Nearly 1,000 California homes and other properties are being pushed toward public auction after years of unpaid taxes, turning delinquent bills into a wave of forced sales that will ripple through local housing markets. The largest single batch is in Riverside County, where tax-defaulted parcels, including houses in suburban communities, are being lined up for online bidding this spring. For owners, the clock is running out to redeem their properties, while investors are preparing for a rare chance to buy at distressed prices.
Riverside County’s nearly 1,000 properties head to auction
Riverside County officials have moved to clear a backlog of tax-defaulted real estate, approving an online sale that covers nearly 1,000 parcels that have fallen into default. The portfolio stretches from inland suburbs to more rural tracts, reflecting years of owners falling behind on property tax bills and failing to bring accounts current despite repeated notices. County staff have described the list as a mix of residential, commercial, and vacant land, with a significant share made up of single-family homes that will now be exposed to competitive bidding.
Local coverage has highlighted how deeply this sale will reach into everyday neighborhoods, noting that the batch includes houses in communities such as Lake Elsinore and Wildomar. One report framed the move as “Nearly 1,000 RivCo Properties Approved For,” underscoring that this is not just a paper shuffle of obscure parcels but a direct hit on occupied housing. For buyers, that breadth means a rare opportunity to bid on everything from starter homes to investment properties in one concentrated event.
How the Riverside sale will work and who is behind it
The Riverside County Treasurer-Tax Collector’s office has laid out a detailed process for the sale, which will be conducted entirely online over two days. According to a notice circulated by county staff writer Toni McAllister, the auctions are scheduled for April 23 and 24, with prospective bidders required to register in advance and review a TTC 223 Tax Sale List that spells out minimum bids, parcel numbers, and any known encumbrances. The notice emphasizes that these are tax-defaulted properties, not voluntary listings, and that buyers are responsible for doing their own due diligence on title, condition, and occupancy before placing a bid.
County leaders have been explicit about why they are taking this step now. In a staff report prepared for the Board of Supervisors, officials explained that the goal is to collect long overdue revenue and return idle parcels to productive use. As one summary of the board’s discussion put it, “purpose of offering is to collect unpaid taxes and return the property to a revenue-generating status,” particularly for parcels that have been in default for at least five years. In other words, the auction is as much about stabilizing the county’s tax base as it is about clearing out a backlog of problem accounts.

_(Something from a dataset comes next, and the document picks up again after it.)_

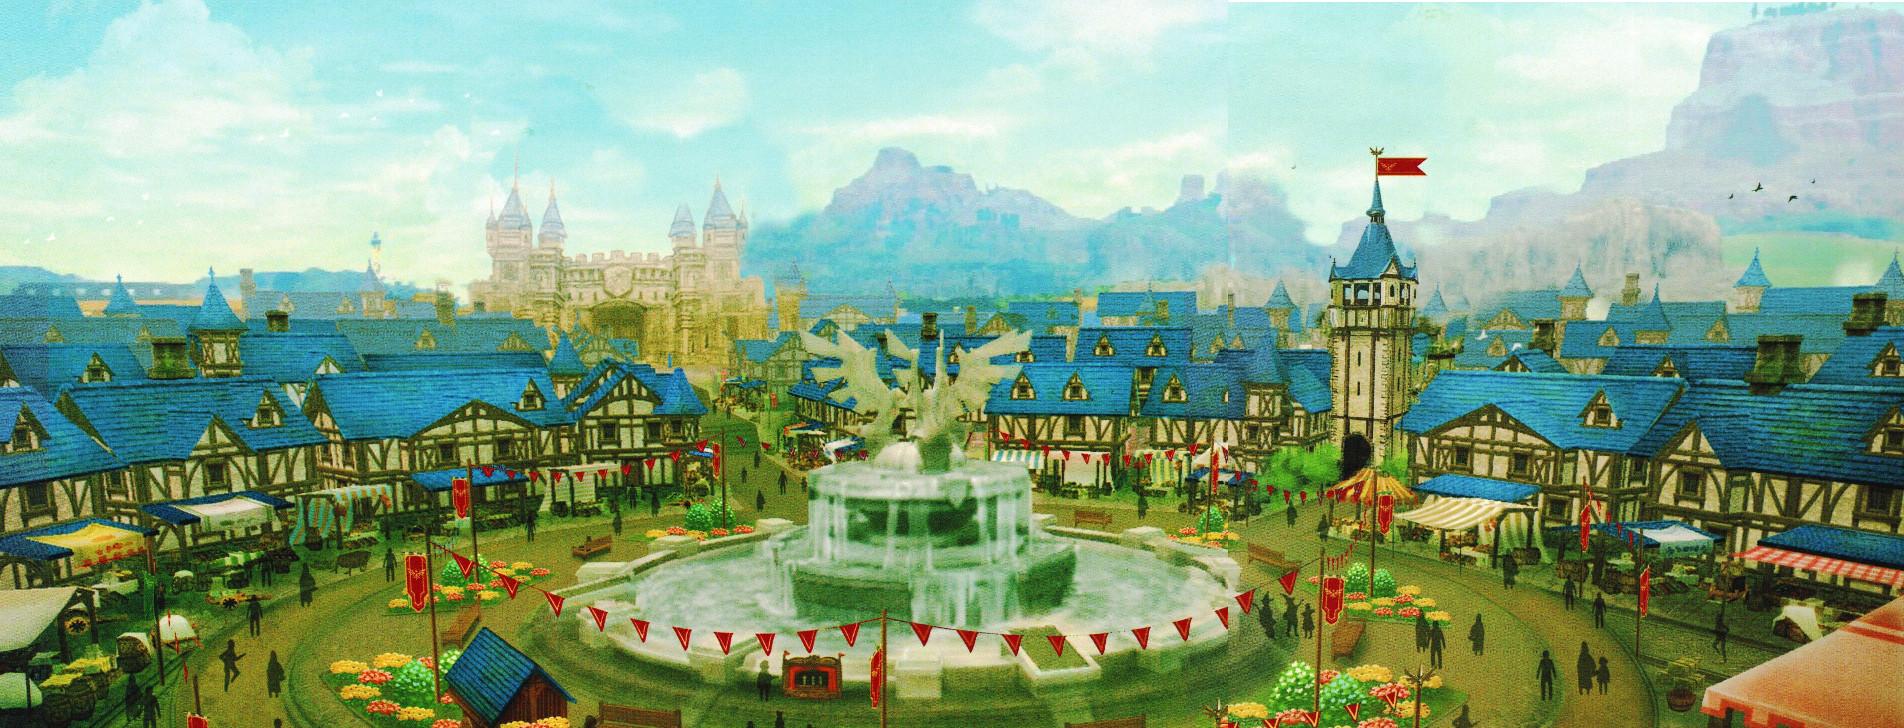 Die Entstehung Einer Legende Konzeptzeichnungen Zeigen Die Fruhe Schaffensphase Und Zahlreiche Verworfene Ideen Zu The Legend Of Zelda Breath Of The Wild Ntower Dein Nintendo Onlinemagazin

Statewide pattern: Los Angeles, Sacramento and coastal counties line up sales
Riverside is not alone in turning to the auction block to resolve chronic delinquencies. In Los Angeles County, the Treasurer and Tax Collector has already posted a schedule for a 2026A Online Auction of tax-defaulted properties, with bidding set to start on a Saturday in April at 3:00 P.M. Pacific Time and close the following Tuesday at midday. That event is part of a broader calendar that also includes a June sale, all conducted through a dedicated internet platform that allows remote participation from anywhere in the country.
The Los Angeles office has framed these events under a clear banner: TAX DEFAULTED PROPERTIES, with the Treasurer and Tax Collector stressing that the auctions are a statutory tool to recover unpaid taxes. Farther north, Sacramento County is preparing its own Deed Auction, with Registration opening on January 28, 2026 and closing February 18, and would-be bidders required to submit a $5,000 deposit to qualify. Together, these calendars show a statewide pattern: counties are leaning on online auctions to convert long-running delinquencies into cash and to move distressed properties into new hands.
What owners and bidders need to know about rights and risks
For owners facing a tax sale, the most important concept is the right of redemption, the legal window in which they can pay off delinquent taxes, penalties, and costs to reclaim their property before it is sold. In Sacramento, The Tax Collector has spelled out that the public auction will be held on Monday, February 23, 2026, at 10:00 a.m., and that once the sale begins, redemption rights are cut off. Along the Central Coast, Santa Cruz County’s tax office explains that “the right of redemption will cease at 5:00 pm on the day before the start of the auction and properties not redeemed will be offered for sale,” a standard it applies ahead of each scheduled event in its Auction General Information.
Those cutoffs are not theoretical. In a prior Santa Cruz notice, officials warned that “the right of redemption will cease on March 2, 2023, at 5:00 p.m. and properties not redeemed will be offered for sale,” adding that If the parcels did not sell, they would be reoffered at a future auction. For bidders, these rules create both opportunity and risk: once the redemption deadline passes, the winning bid can secure title at a fraction of market value, but buyers must accept properties “as is,” often without interior access, and with the possibility of liens, code violations, or occupants who will need to be lawfully removed.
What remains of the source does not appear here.